### What is needed
From the listing below, give again exactly the lines from the line with "Nude Video Celebs" to the line with "House by Hiroyuki Moriyama", ends included, without any pictures.

### Data records
····················

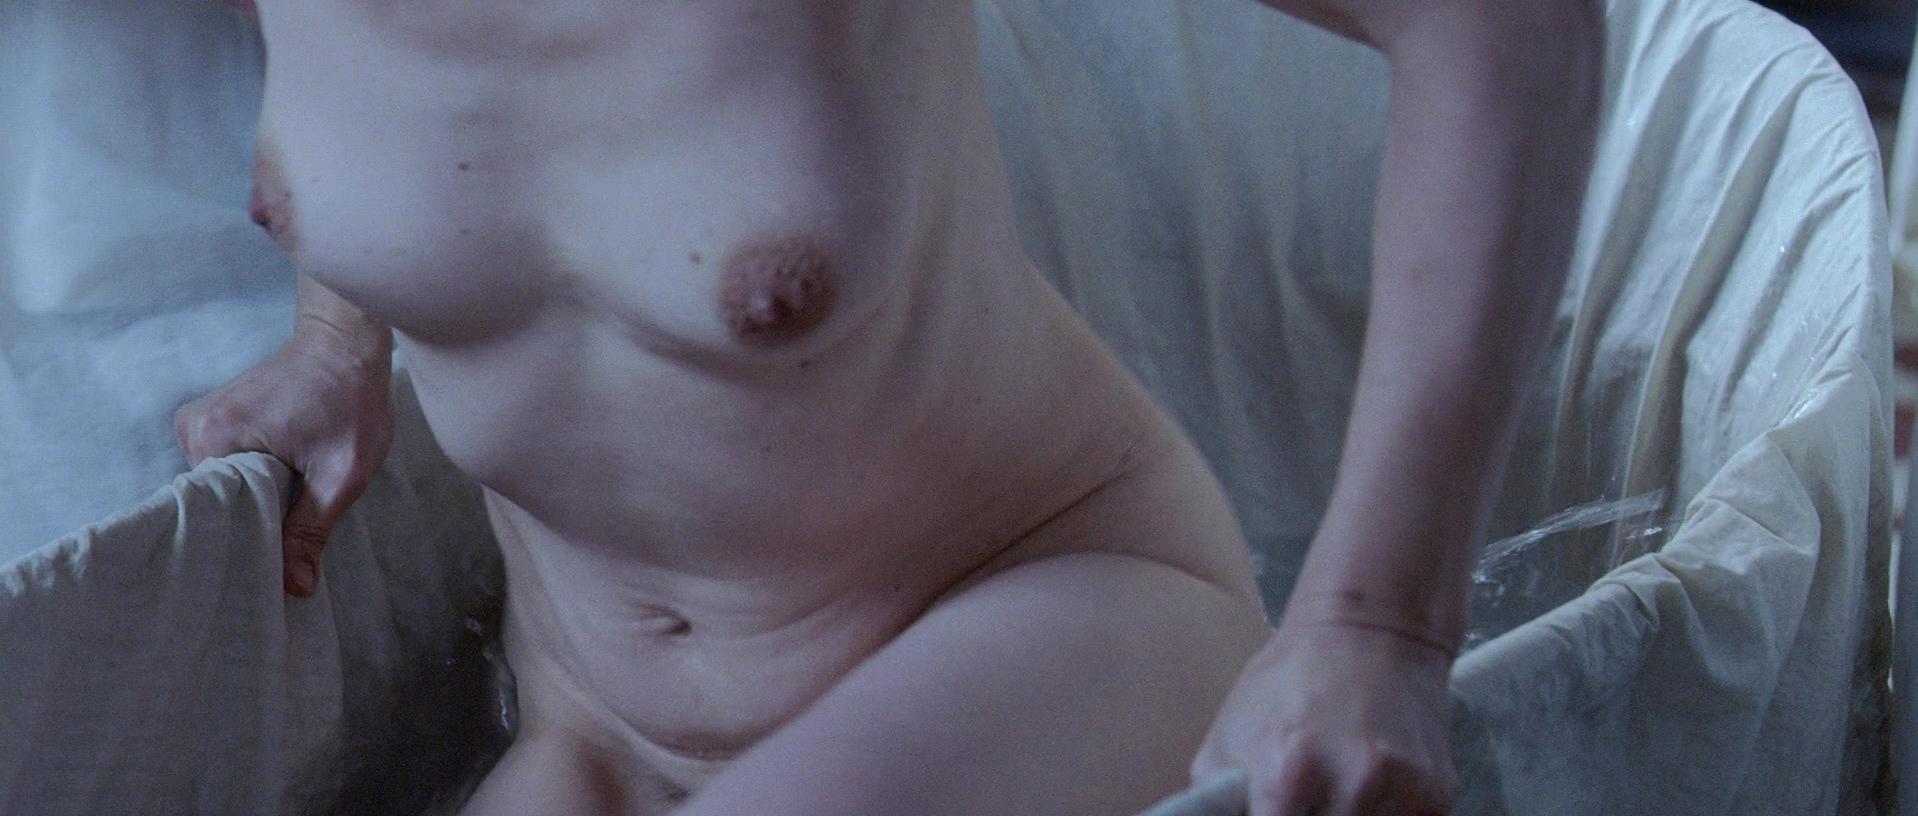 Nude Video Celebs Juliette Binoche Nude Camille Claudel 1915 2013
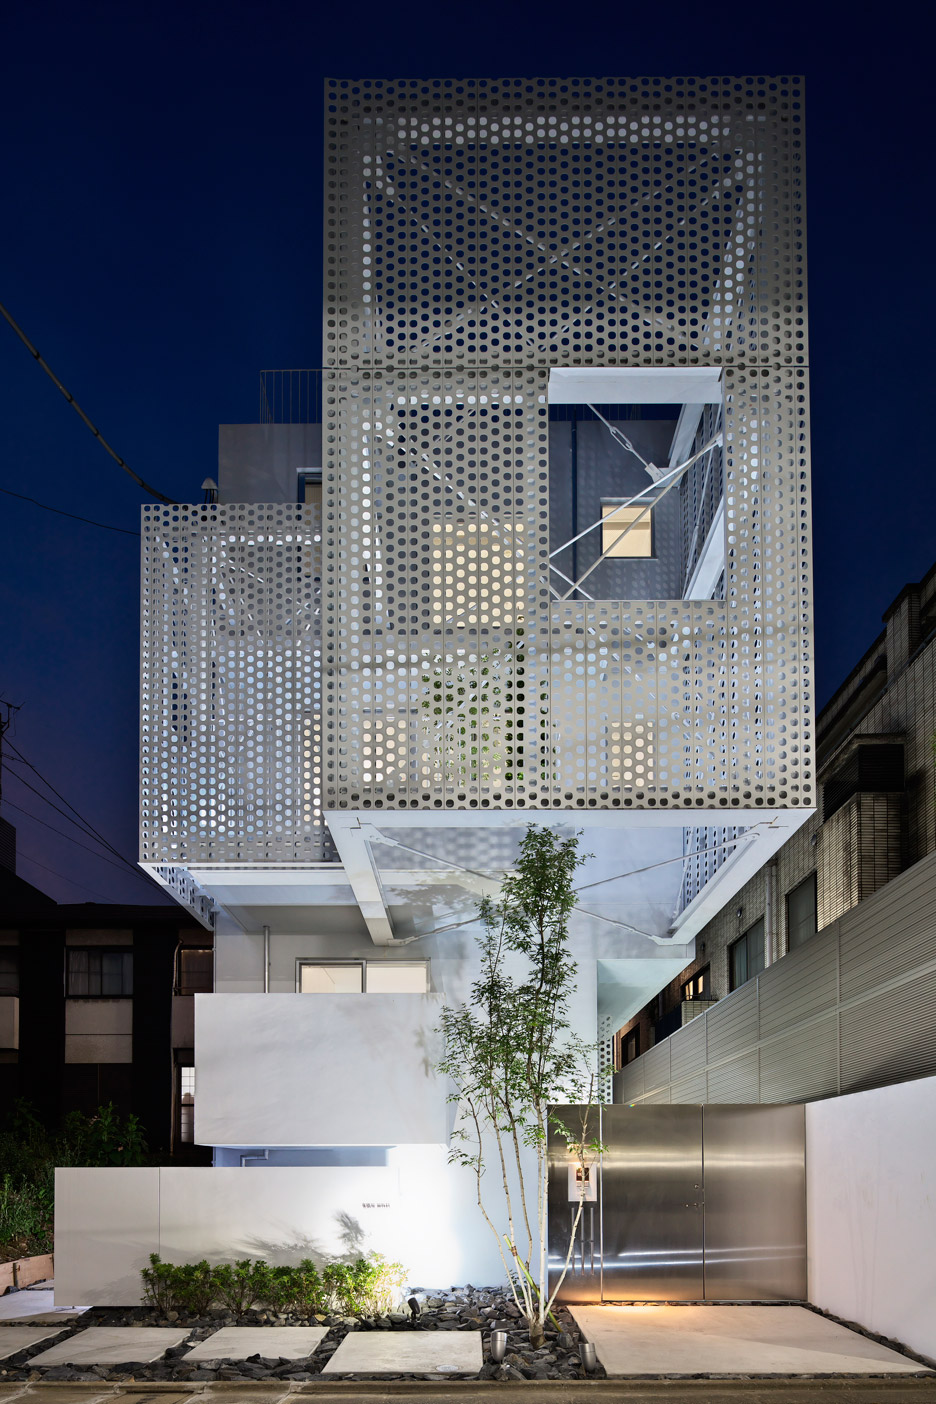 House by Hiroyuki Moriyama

····················

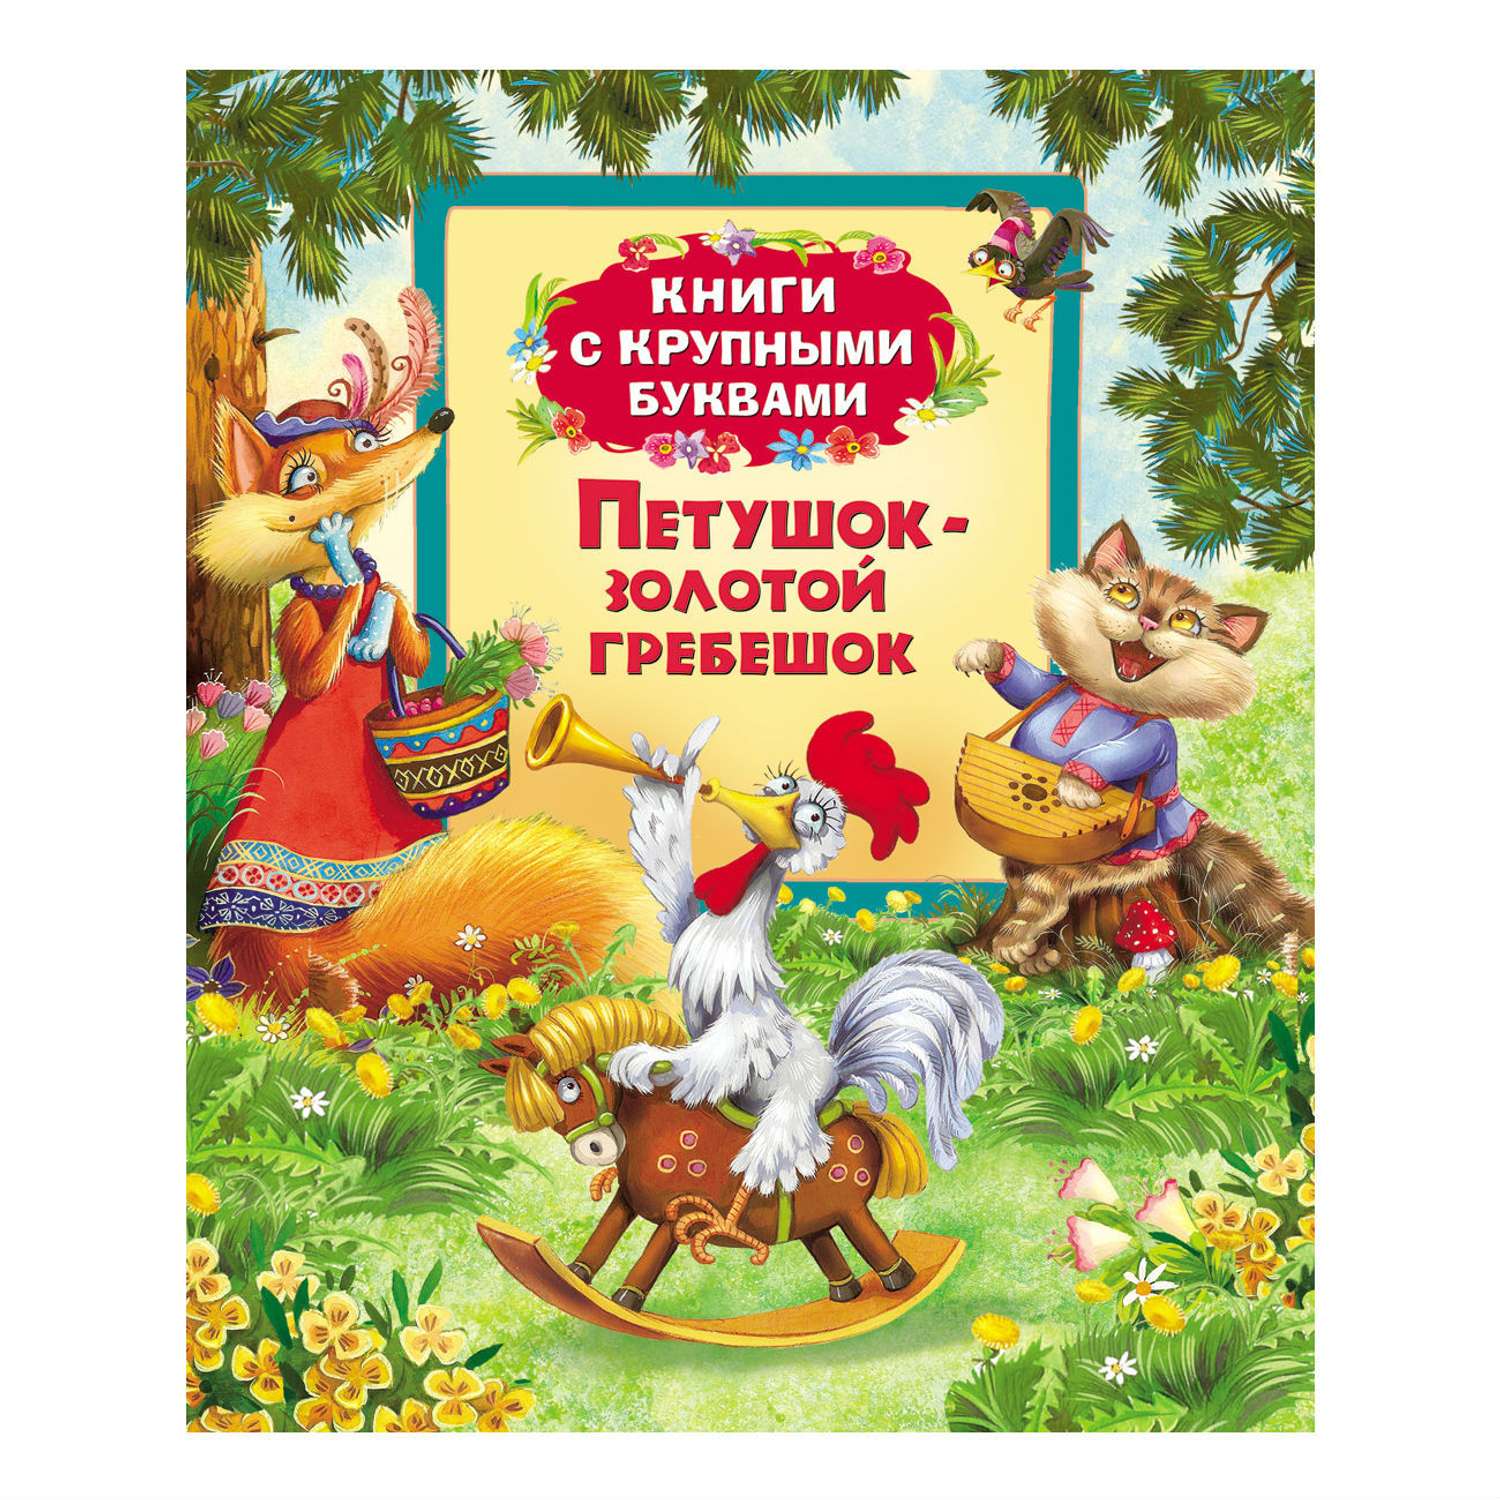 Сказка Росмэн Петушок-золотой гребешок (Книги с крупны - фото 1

····················

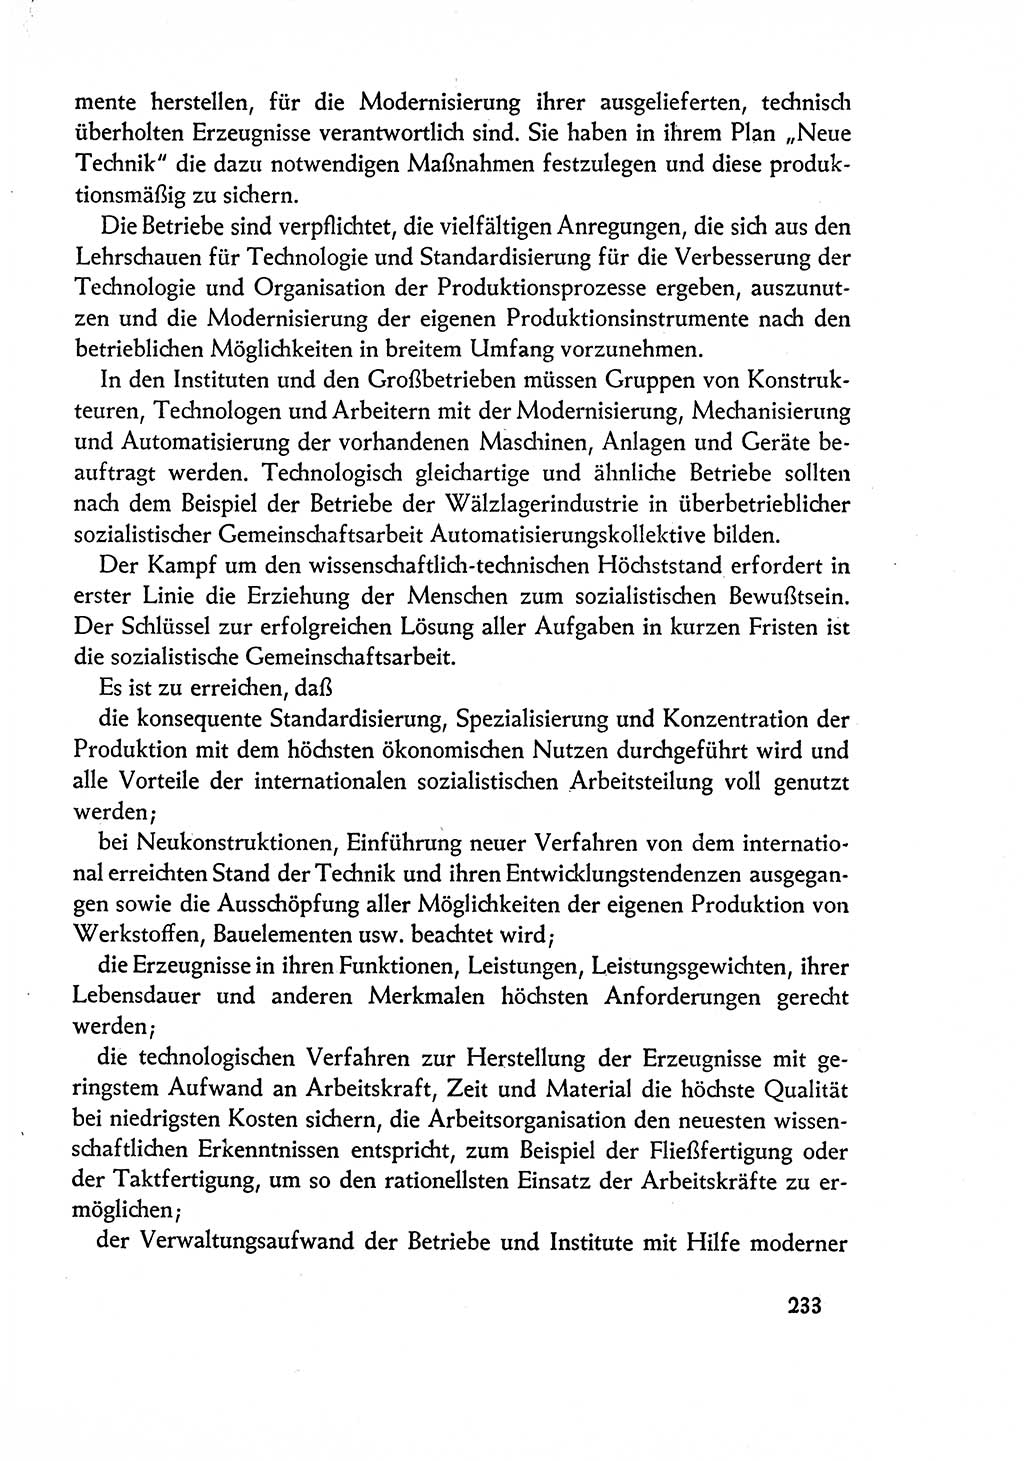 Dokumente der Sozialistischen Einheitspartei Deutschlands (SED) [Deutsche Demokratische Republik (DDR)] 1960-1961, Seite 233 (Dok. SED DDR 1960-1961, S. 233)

····················

### Response to the task
 Nude Video Celebs Juliette Binoche Nude Camille Claudel 1915 2013
 House by Hiroyuki Moriyama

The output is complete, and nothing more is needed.